AUD/USD has been pressured on Tuesday after weak global economic data, particularly in China, reignited global recession fears. The safe-haven US dollar has benefitted in the forex space and it hit a one-week high while risk-friendly currencies such as the Australian dollar have taken the brunt. At 0.7027, AUD/USD is in the green by some 0.01%, after falling from a high of 0.7040 to mark a low of 0.6991 before recovering in midday US trade.
Fears of a significant slowdown of the Chinese economy put a dampener on the commodity markets and the Australian dollar took a knock on lower demand for iron ore and other assets from China. Figures for Industrial Production, Retail Sales and fixed asset investments, as released by the National Bureau of Statistics, came in below expectations in July. Additionally, worries about a more pronounced cooling rose from a surprising rate cut by the Chinese central bank PBoC. The unexpected move gave the impression that the PBoC is alarmed about the extent of economic weakening as it tries to revive credit demand to support the COVID-hit economy after a string of weak economic data releases for July. Australia's close trade ties with China mean traders sometimes treat its currency as a liquid proxy for China's yuan.
In the US, Treasury yields rose due to the recession worries and along with the concerns that the Federal Reserve will continue its steep interest rate hikes despite nascent signs of a slowdown in inflation. Several Fed policymakers have spoken of the need for continued rate hikes despite the lower-than-expected outcome of last week's Consumer Price Index.
Additionally, the yield curve between 2-year and 10-year Treasury notes remained inverted at minus 38.60 basis points on Tuesday. This is viewed as an indicator of an impending recession. The dollar index DXY meanwhile hit a peak of 106.94 in early European trading, recovering from the losses that were made on the back of lower-than-expected US inflation data. The index was last seen flat at 106.46.
"Fed officials have no choice but to sound tough in the face of a very, very tight labour market and far too high inflation," Kit Juckes, the head of FX strategy at Societe Generale argued. "It's hard to build a compelling case to sell the dollar in that world."

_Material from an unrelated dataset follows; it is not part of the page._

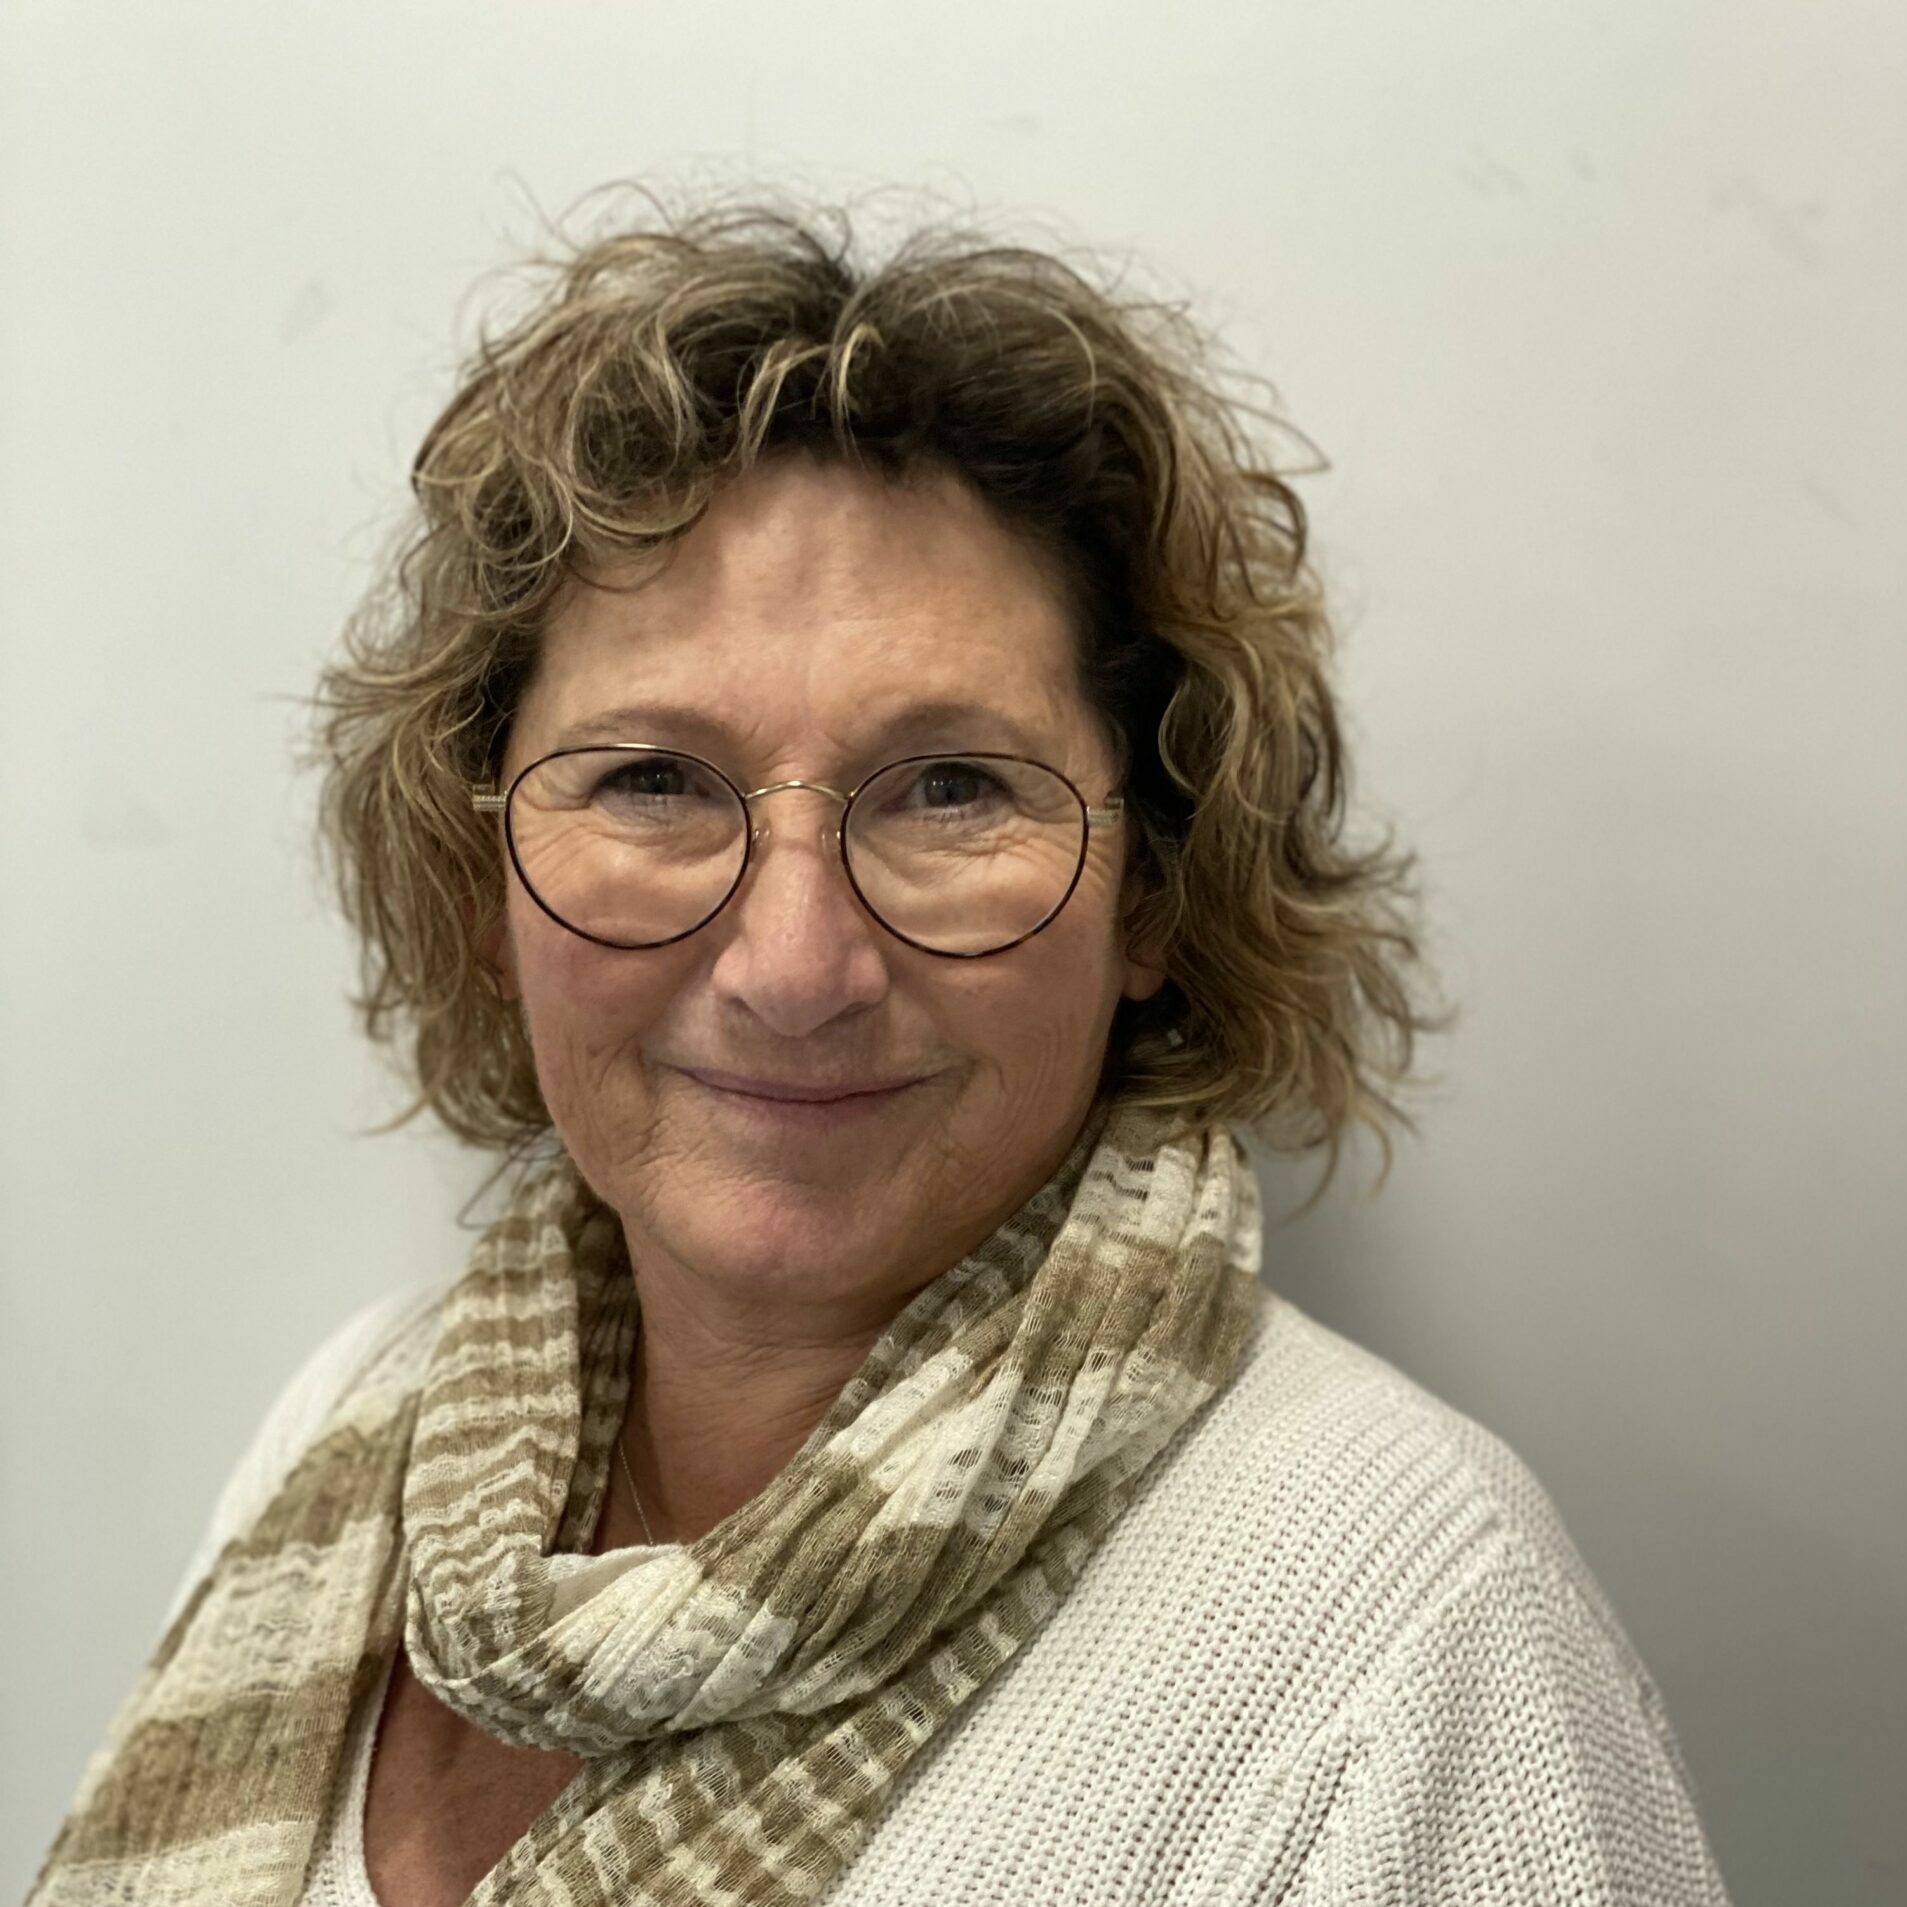 Rosanna Schleusener

Meanwhile, the minutes from the Reserve Bank of Australia’s (RBA) August policy meeting showed that the Board of the central bank expected further rate hikes given inflation was far above target and the labour market at its tightest in decades. There will be more from the labour market this week where analysts at TD Securities said ''wages growth may accelerate in Q2 as firms face record labour constraints while workers may demand higher base wages with inflation at a 21-year high.'' The analysts added ''July is a seasonally strong month for job gains and we look for the unemployment rate to trend lower. Another strong labour print should give the RBA the assurance that the economy can withstand a cash rate of 3% by end-2022.''
The hourly chart has left behind a W-formation that pulled the price into the neckline before the bulls moved in again. The price would be expected to move higher to mitigate inefficiencies on the lower time frames before reaching the resistance for a test of the 0.7030s.
On the 15-min time frame, there are a few imbalances of price to the downside that could be mitigated prior to a test towards the resistance area. The neckline of the W-formation aligns with a price imbalance near 0.7012.